Coleman’s right that there should be managed frustration. If students read texts that are too easy for them, they may enjoy those texts, but it’s not the best way to support reading progress. When students have to read within their ZPD, they feel a frustration we might accurately describe as growing pains. They experience a stretch, and in that stretch, learning can actually help drive cognitive development. If, on the other hand, the material is above the upper limit of their ZPD, they will not experience that productive frustration. They will simply shut down and not attempt to read the material at all. And there is no amount of scaffolding that will make it possible. Think of a weight you can lift easily, a weight that requires some effort to lift, and a weight you can’t budge at all. Which of those three weights would you choose if you wanted to promote muscle growth?

So if you have students who are one or two grades below grade level, it might be worth trying to push them in the way Coleman describes. But students who are four, five, six years below their grade level, aren’t going to be reading on grade level by the end of the year no matter whose philosophical outlook you subscribe to. Nobody is expecting them to “magically catch up.” The idea is to support them in making the greatest progress possible. It is Coleman who is invoking magic when he expects that these students will be able to catch up simply through teacher patience, student frustration, and intense scaffolding.
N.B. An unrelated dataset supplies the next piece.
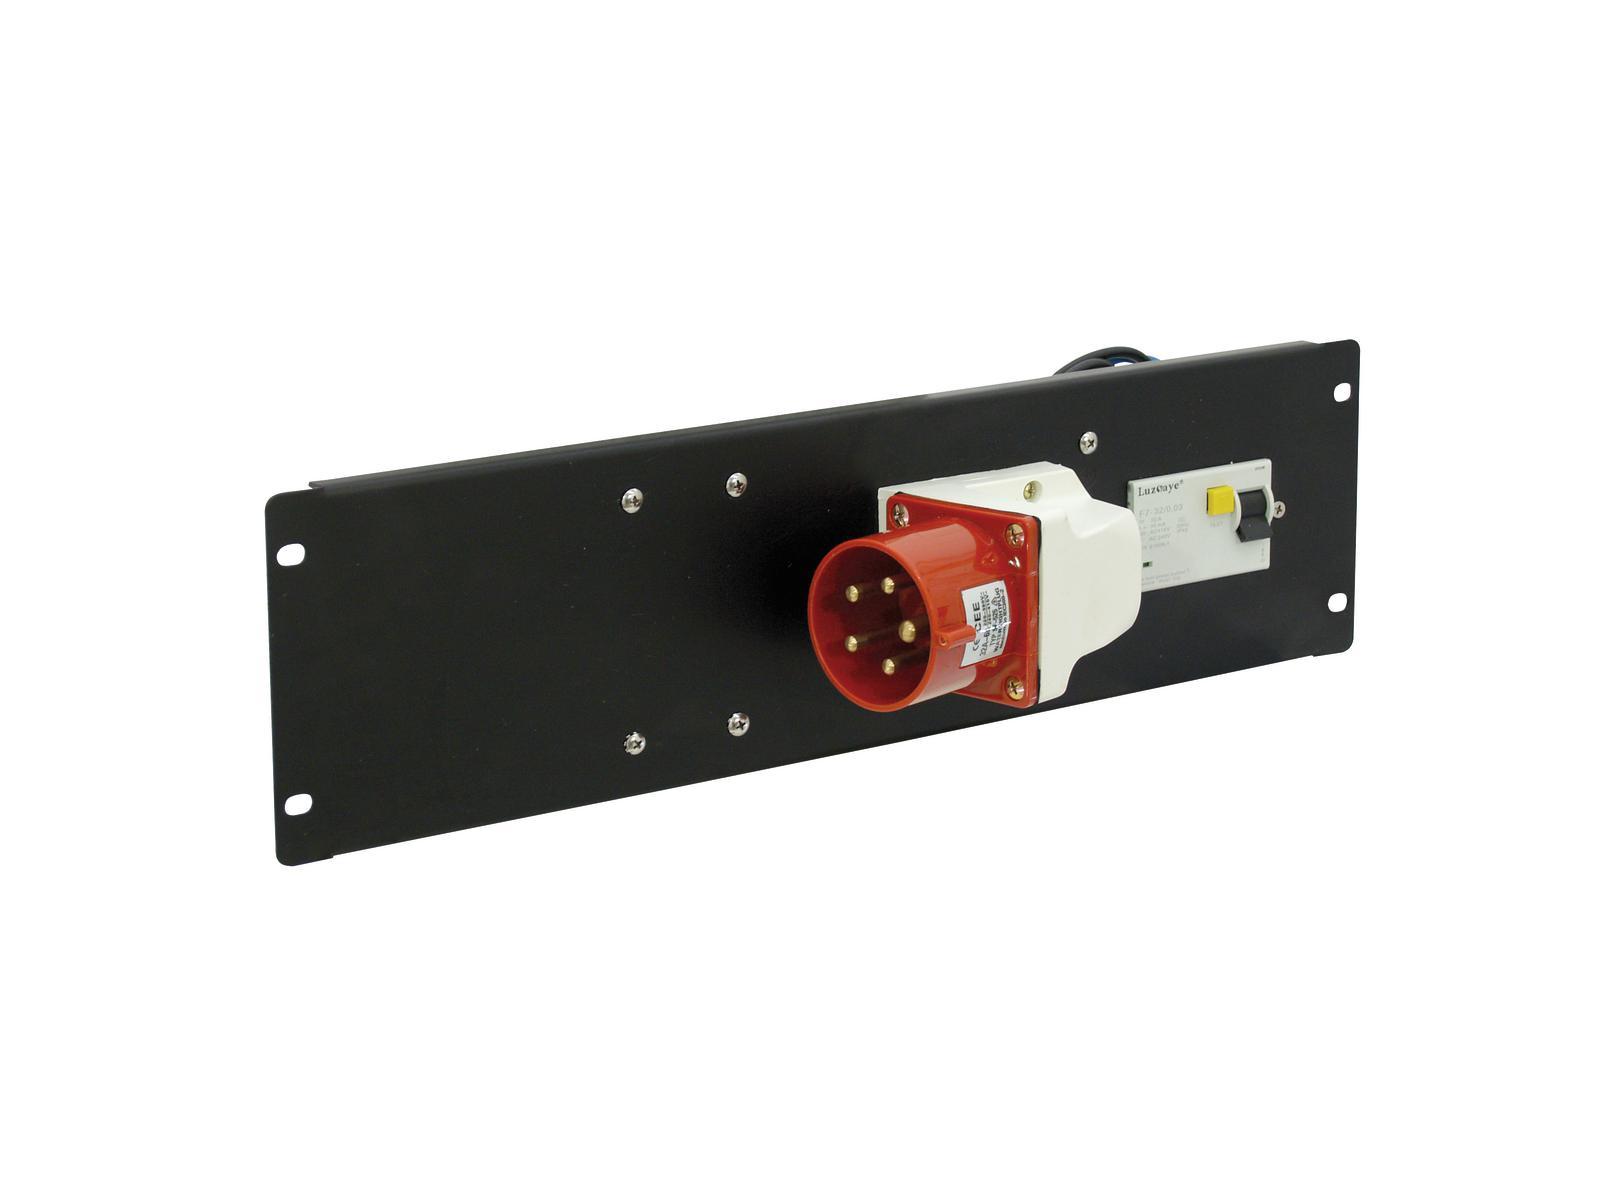 Power distributor EUROLITE with 1 socket CEE 32 A, 5 pin

But if anybody should be a proponent of Vygotsky, it’s David Coleman himself, for Vygotsky provides a clear developmental framework for the Common Core. If learning really can drive development, and I believe it can, then having a rigorous set of standards defined for each grade level organized into a staircase of complexity makes a lot of sense. If we adhere to these standards from Kindergarten, making sure that students receive support in a multi-tiered Response to Intervention system to ensure that they remain on grade level at the end of each year, then the Common Core might actually be a blueprint for making sure that our students are well prepared for the rigors of college and the workplace by the end of Grade 12. Wouldn’t it be a shame if that were all true and the Common Core really is a better way of doing business, but nobody ever knew it because the implementation was so badly botched?
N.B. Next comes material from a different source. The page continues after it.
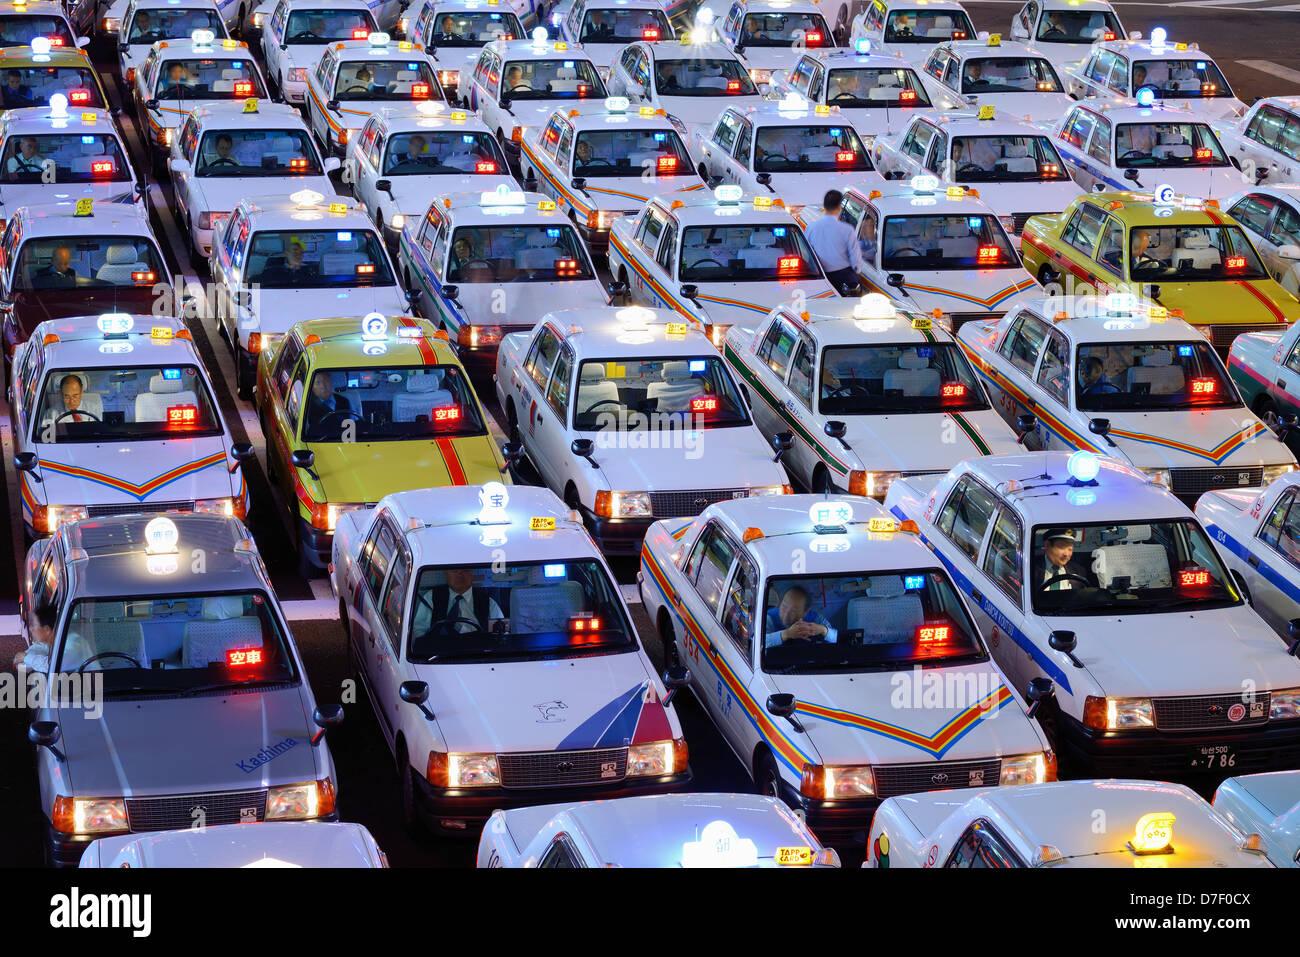 Taxis wait in Sendai, Japan - Stock Image

So what can we do? If I were in charge of implementation, I would have had two years of bridge standards before fully adopting the Common Core. If the 5th grade NYS standards say ABC and the 8th grade Common Core standards say JKL, then we develop a logical DEF for 6th grade and a 7th-grade GHI that allow us to incrementally meet the higher standards. Instead, we’re going right from 5th-grade NYS to 6th-grade Common Core, and even students that were on grade level last year are being left behind. The folks at the New York City Department of Education, for their part, seem to understand the difficulties involved, and are trying to make the changes as gradually as possible to support teachers. But no such support is available for students, as the level of rigor expected for them is coming from Albany, and is out of the city’s hands.

I can’t tell you what the statewide assessments are going to look like at the end of this year, but I’m pretty sure the students are going to be expected to read on what is now considered grade level, and this is the problem. What do you do if you have 8th-grade students reading on a 4th-grade level, when you know you are going to be accountable for them passing an 8th-grade test at the end of the year? One option is, as Coleman describes, to give them 8th-grade reading selections anyway, have them read fewer overall texts, and heavily scaffold the texts being read. Another option is to try to give them two years of instruction in a year, committing to bring them from a 4th-grade level to 6th-grade level. Neither strategy will prepare them to read on the 8th-grade level by test time, but I prefer the latter method. It’s better to make meaningful progress in the time that you have than to squander the opportunity by fumbling around with inappropriately difficult texts. I understand, respect, and even admire Coleman’s desire to get everyone on grade level. It’s not going to happen this year.

Given that some of the quantitative targets may not be possible this year, another option is to focus on the qualitative shifts. Give students more exposure to informational texts. Give them more complex texts than they are reading now. Have them read more independently, and give them opportunities to cite evidence from the things they read to support their writing. These are all Common Core-aligned shifts, and can be implemented right away, regardless of student reading levels.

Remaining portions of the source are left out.